If you weren’t aware of the depreciation deduction, you may own an investment home and paid taxes on your full rental income this entire time.
If you still own the home, you can amend your returns. Go back as far as you’ve owned the home and amend each year’s returns to take advantage of the depreciation. You must file 1040X and Schedule E at a minimum, but talk with your tax advisor to make sure.
You don’t have to deduct for depreciation in your tax return each year, and abstaining from doing so saves you from rental property depreciation recapture when you sell the property. But as outlined above, depreciation recapture is a small price to pay, and you may never end up having to pay capital gains taxes on your real estate anyway.
An Example of Real Estate Depreciation
Let’s look at the power of real estate depreciation and how it may help you.
You bought a home in June for $200,000 and the land is worth $30,000. Your building value is $170,000. Now let’s say you made $10,000 in capital improvements. Add that to your $170,000 for a building cost basis of $180,000.
Depreciated over 27.5 years, that comes to $6,545 in annual depreciation, and you can deduct a prorated amount of $3,546 in the first year. The annual depreciation comes off the top of your net operating income. Let’s say you bring in $12,000 a year in rental income, but have $4,000 in operating expenses. That leaves you with $8,000 in net income, but you can deduct the $6,545 from the $8,000 for $1,455 in taxable rental income.
Depending on your tax situation, the depreciation write-off may even knock you into a lower tax bracket, creating even more savings.
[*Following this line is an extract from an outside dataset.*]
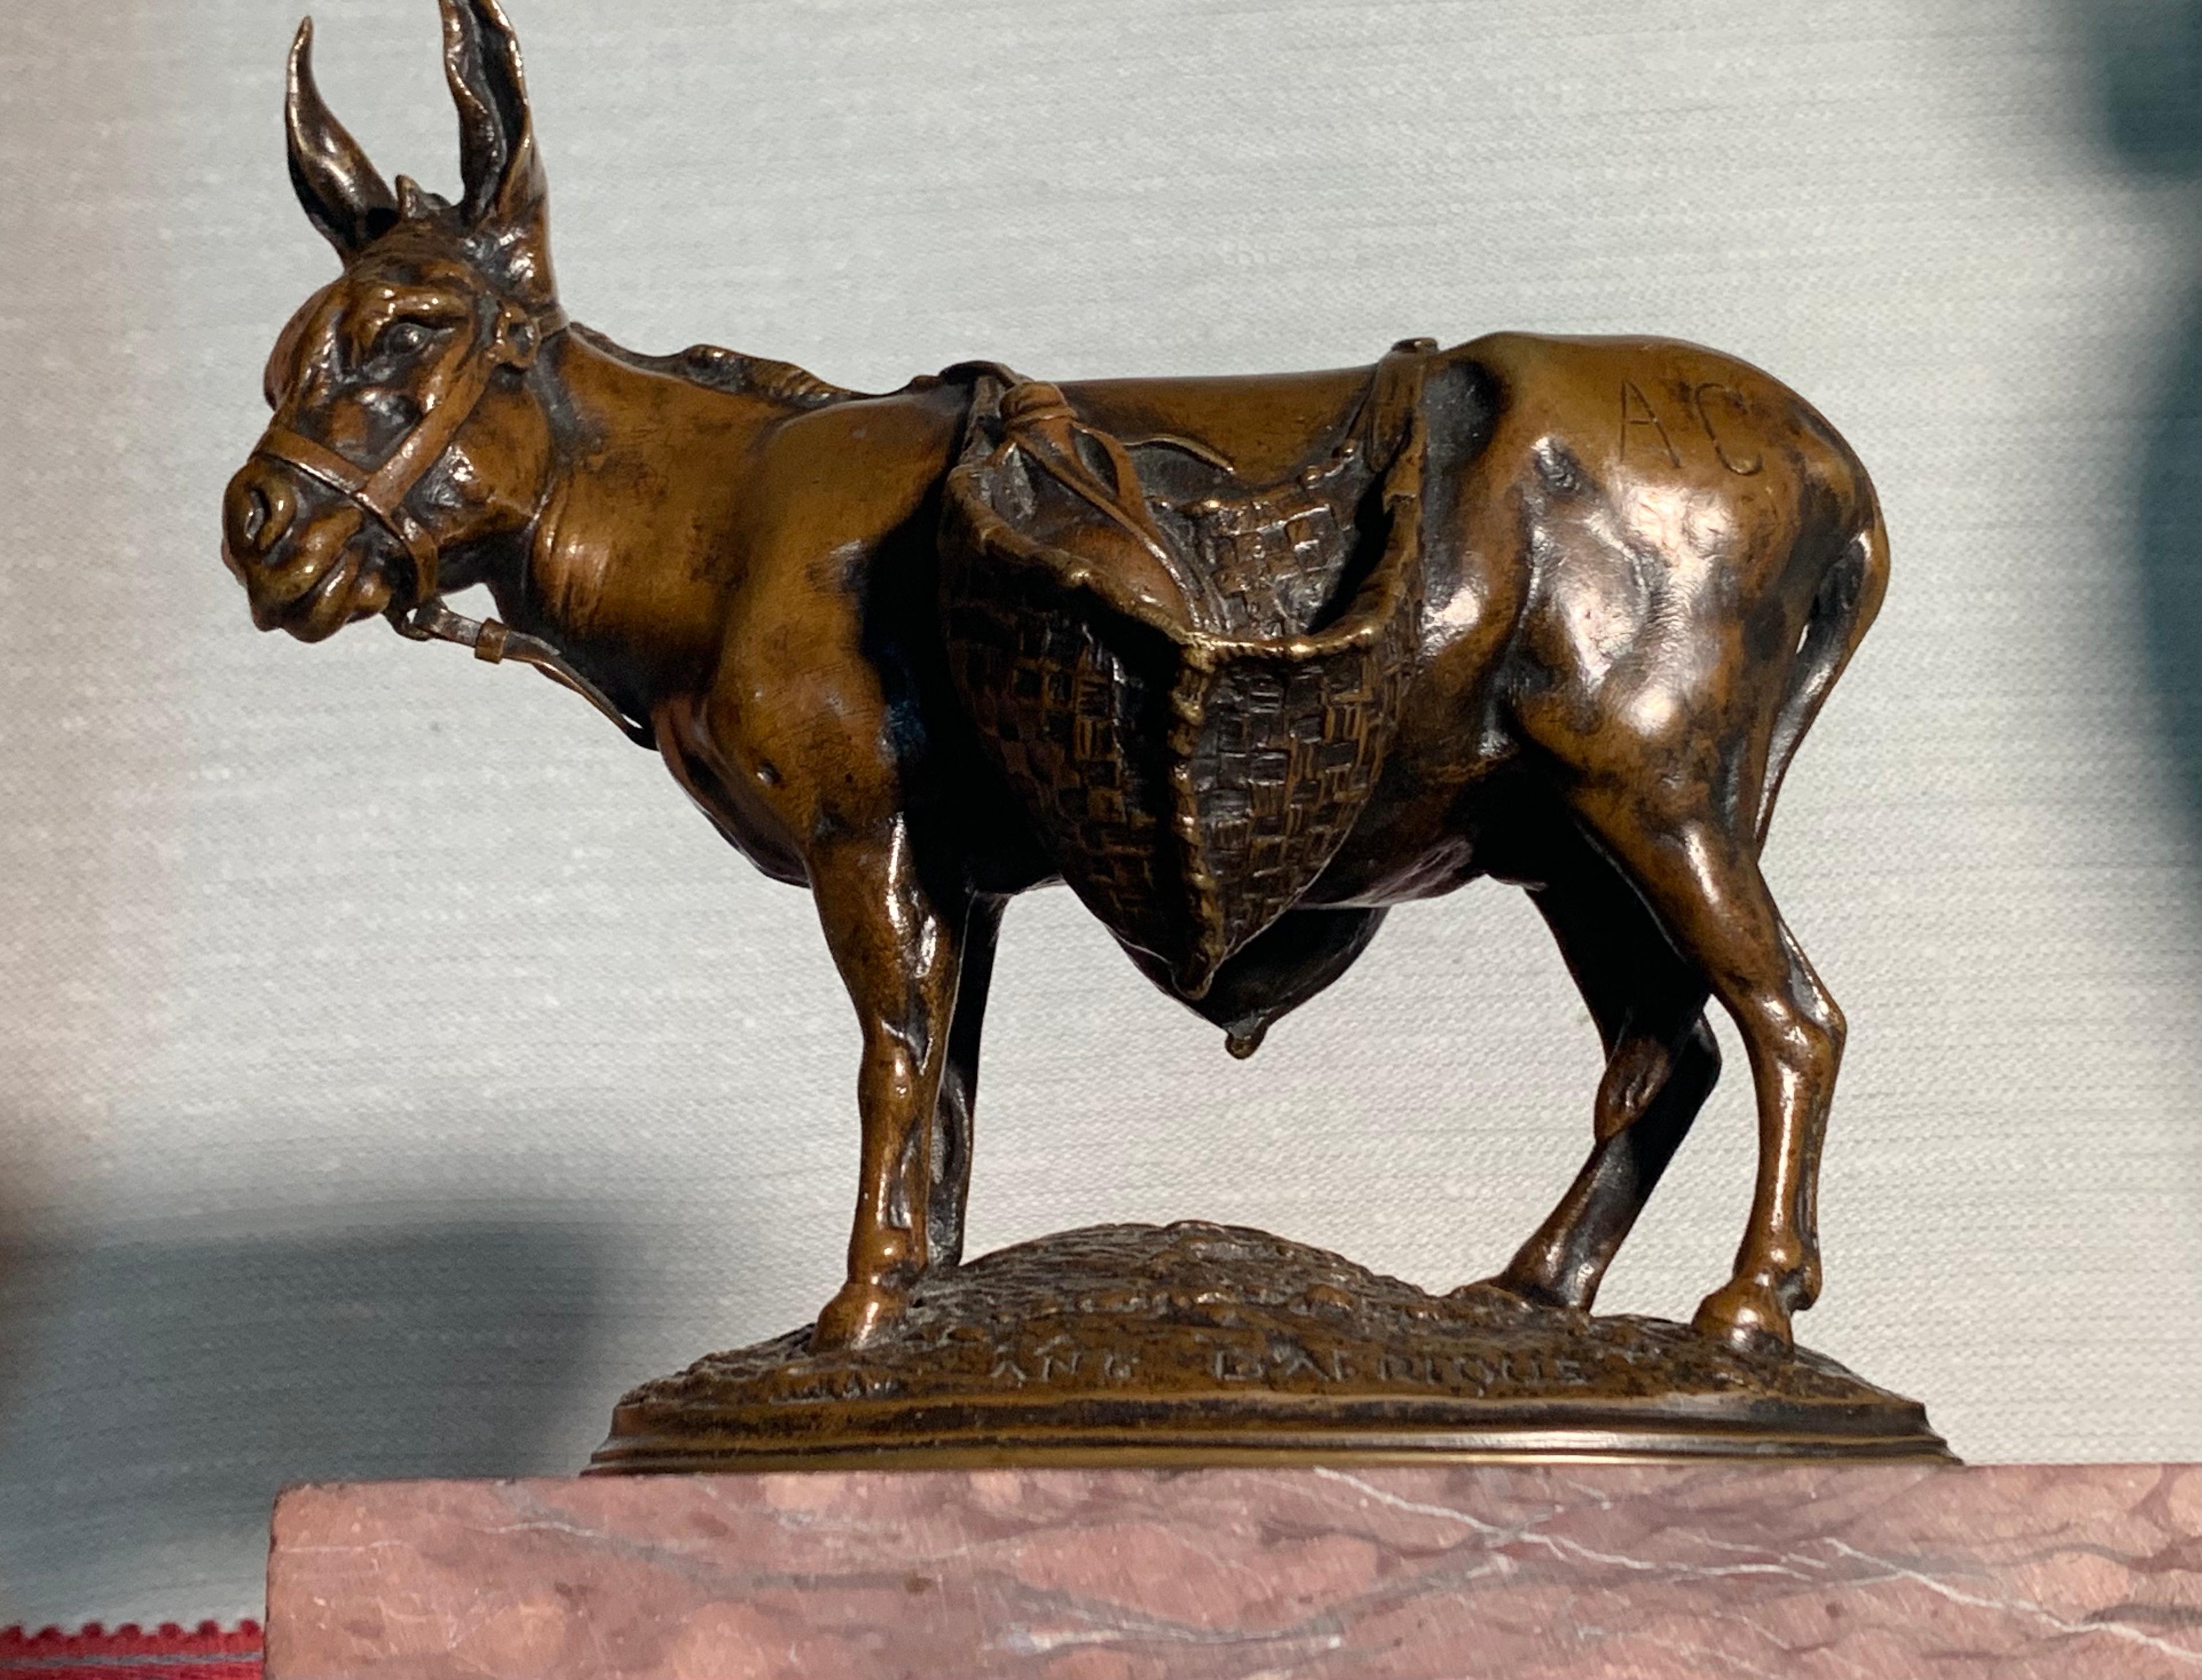 Charmante kleine Bronze des großen Tierbildhauers Auguste-Nicolas Cain, seitlich signiert A.Cain, beschriftet Ane d'Afrique (Esel aus Afrika)  und Susse Fres  auf der Terrasse. Der Esel ist mit seinen geflochtenen Körben beladen in einer lebendigen

Then you decide to sell the property after ten years, for $300,000. You owe capital gains taxes on $90,000, as your cost basis is $210,000: purchase price of $200,000 plus $10,000 in capital improvements. Plus you also owe depreciation recapture — at your regular income tax rate, though capped at 25% — on the $62,451 you had deducted for depreciation ($3,546 from the first year, plus nine years at $6,545/year).
Final Word
Rental property depreciation marks one of the greatest deductions real estate investors have. If you haven’t taken advantage and you own a rental property, go back and claim what’s yours.
Remember, you must own the rental property for at least one year to deduct for depreciation. If you sell the property, keep in mind the recapture tax so you use the money wisely. Plan accordingly for the eventual taxes you’ll pay but enjoy the depreciation write-off while you get it.♦
Have questions about how rental property depreciation is calculated, or depreciation recapture? What still has you stumped?
What happens if you own a property for 18 years and then refinance to save $50,000 in payments. Refinance is for 15 years. Do you start over at 27.5 years of depreciation or 27.5 depreciation minus 18 years equals 9.5 years of depreciation left. Also add $12,000 in fixing the place up due to bad renters. Can I just write off the $12,000 in one year or at 5 years of depreciation because most of the repairs were not capital improvements, i.e. painting, refinishing wood floors, new windows, tile, respray bath tub etc.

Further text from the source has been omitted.